Dear Men of the World,
I have hated you…
for walking away from your feelings and divorcing yourself from love so easily.
for worshipping my body and destroying my heart.
for lying to yourself, rather than owning your darkness and allowing it to heal you.
for valuing money, status, and possessions over genuine connection.
for being cold, stoic, and distant when I was starving for your affection.
for loving only the parts of me that you could handle, the easier parts, the soft parts, the parts that don’t question or confront.
I have hated you for teaching me all of these lessons, and I have hated myself for learning them so well that I’ve used every one of them against you. I wanted to BE you, to become what I believed was the epitome of strength and control, instead of honoring all that is naturally powerful and divinely feminine within me.
I couldn’t possibly love you until I began to love all of my disowned parts. That took many years of shedding layers, dismantling walls, and grieving. So much grieving. I still grieve for the patriarchal damage we’ve both endured.
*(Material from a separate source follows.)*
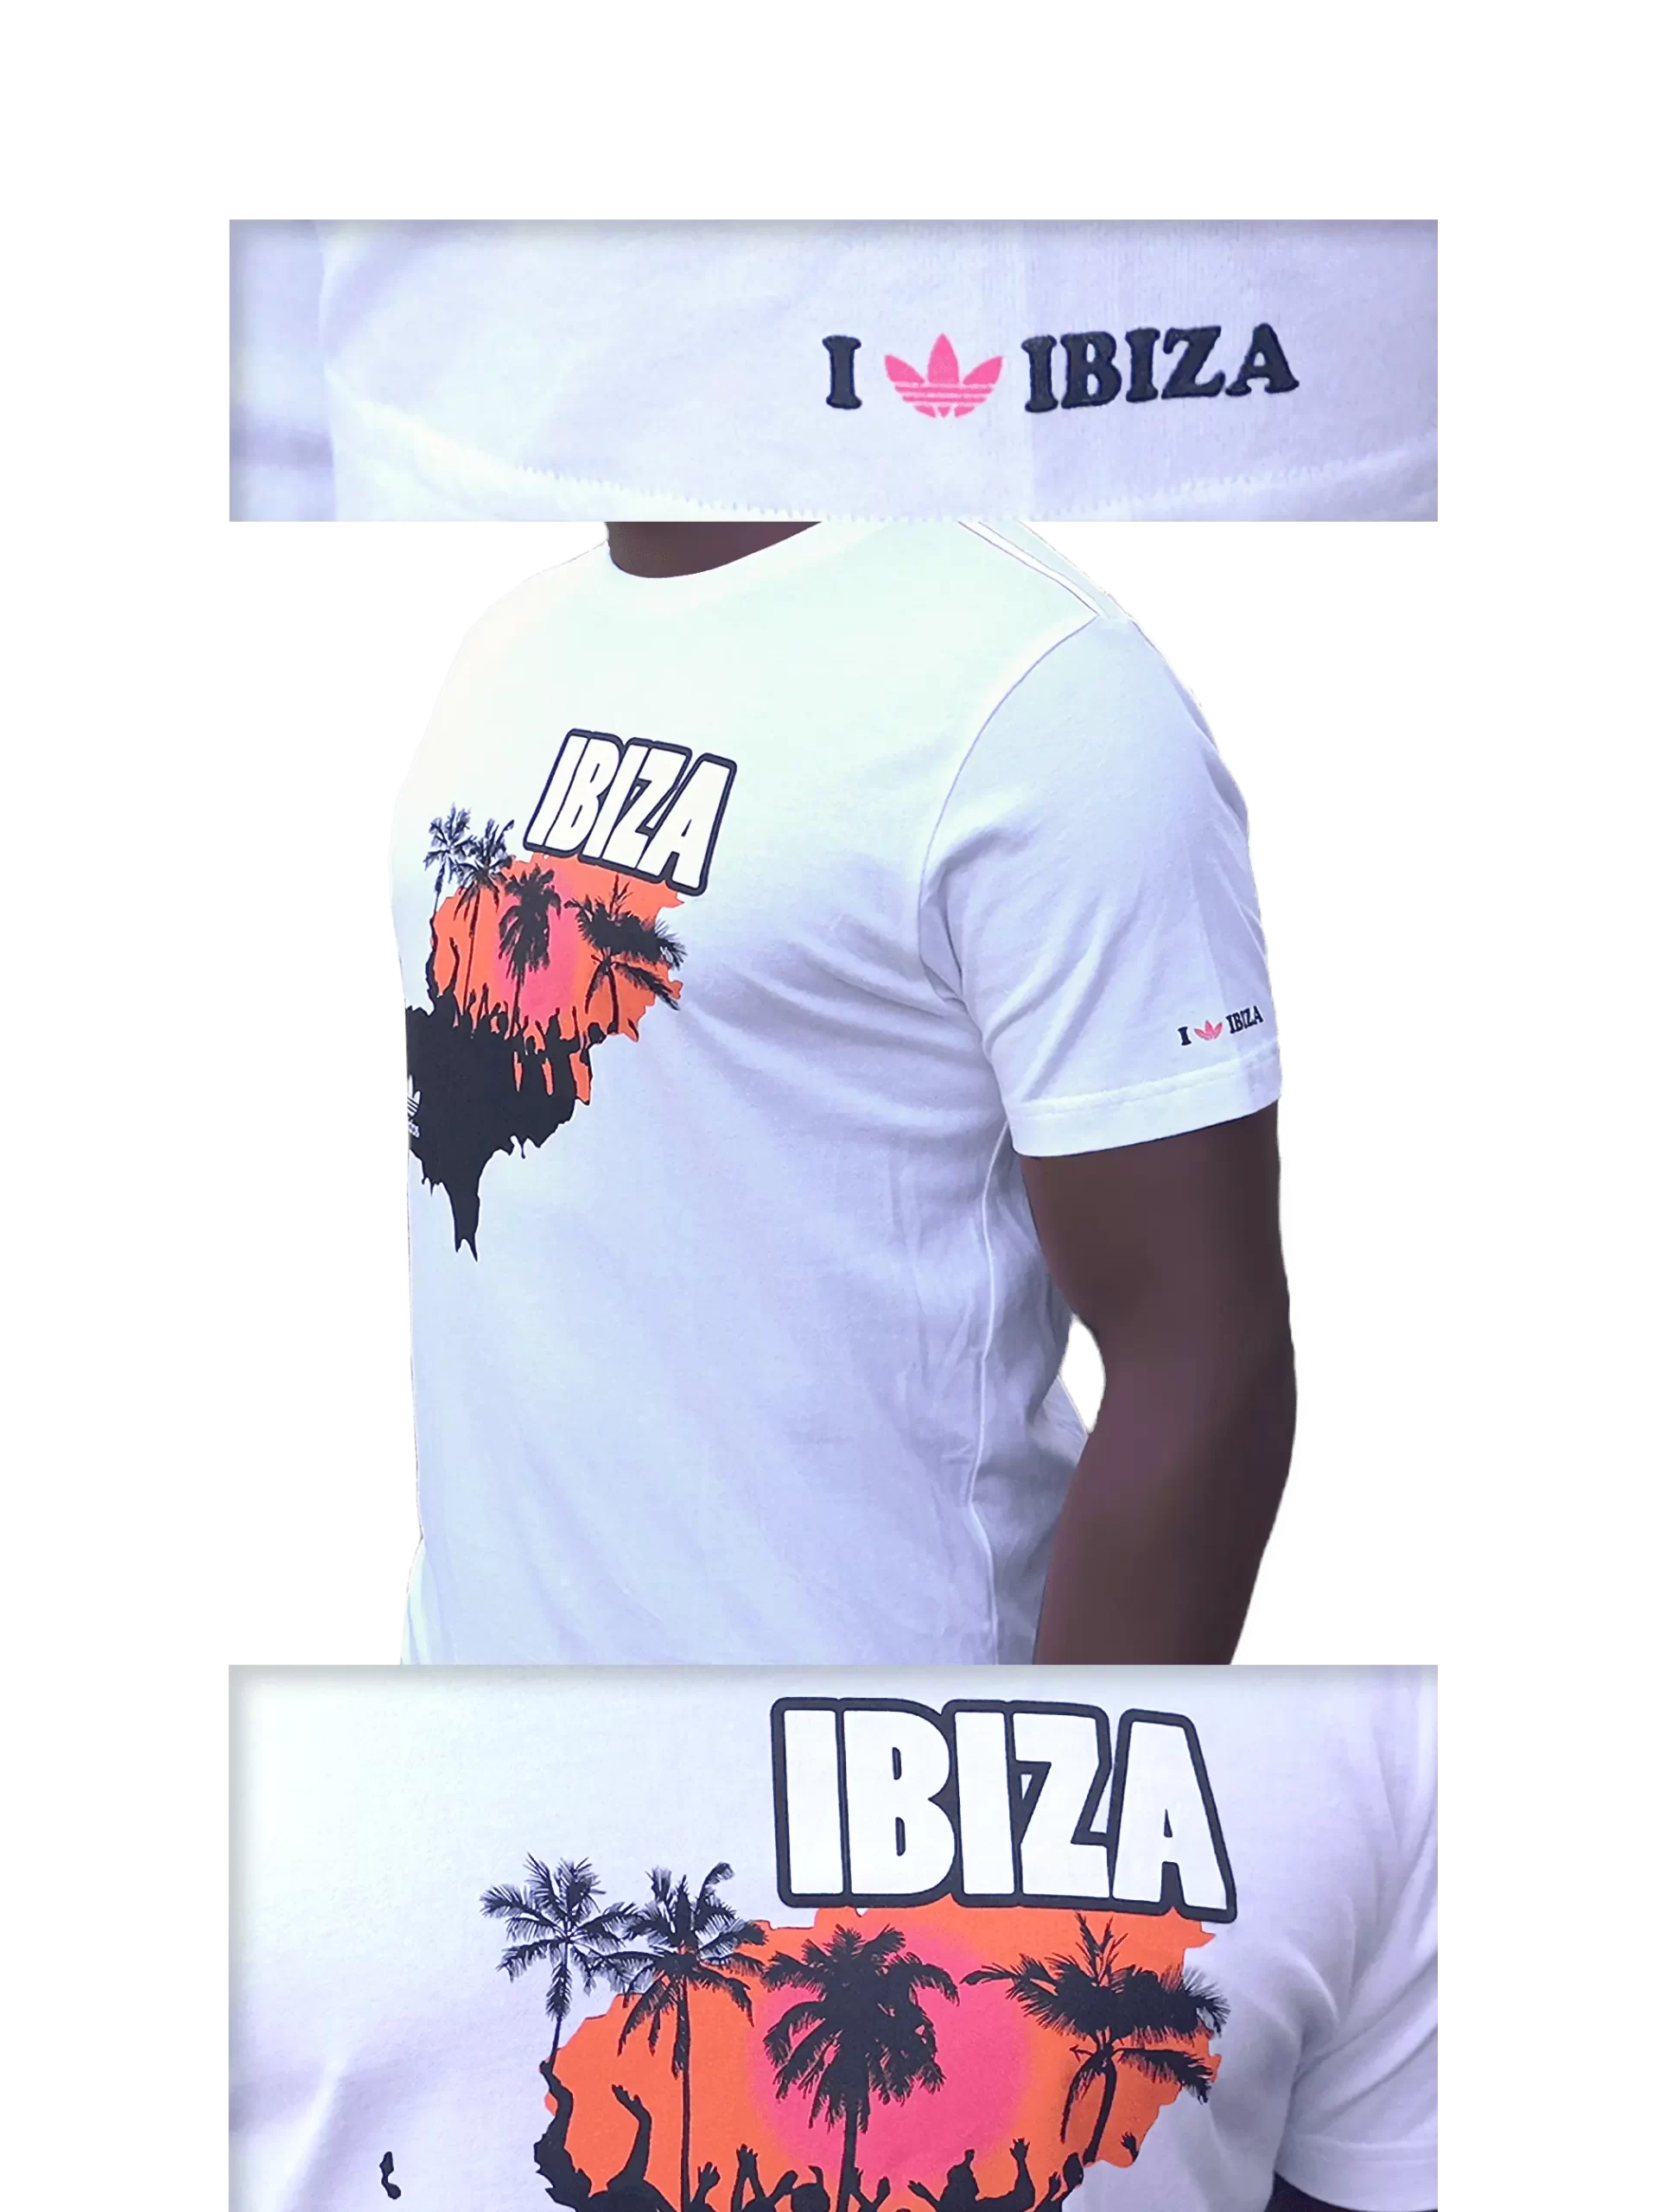 Men's 2007 Ibiza T-Shirt by Adidas Originals: Ignite (EnLawded.com file #lmchk66620ip2y123828kg9st)

Even now, after all the work and the healing, I still find pieces of me that need mending. I still find ways of blocking my own happiness. I still find little pockets of shame, buried deeply in the contours of my body and the recesses of my mind and heart.
I know all those things you taught me aren’t really you. It’s how you’ve been coping with life or avoiding it, but I believe you’re capable of so much more. Somewhere, underneath your rusty armor and the weary, fragmented pieces of your soul, a light still shines. It’s barely a flicker most of the time, but if you ever allow it to break through your toughened exterior, it will melt me. Did you get that? It will melt me right into your chest, because I will trust you enough to let you all the way inside me. Do you want to be all in? Then be all out. Show me your heart, and I will show you the universe.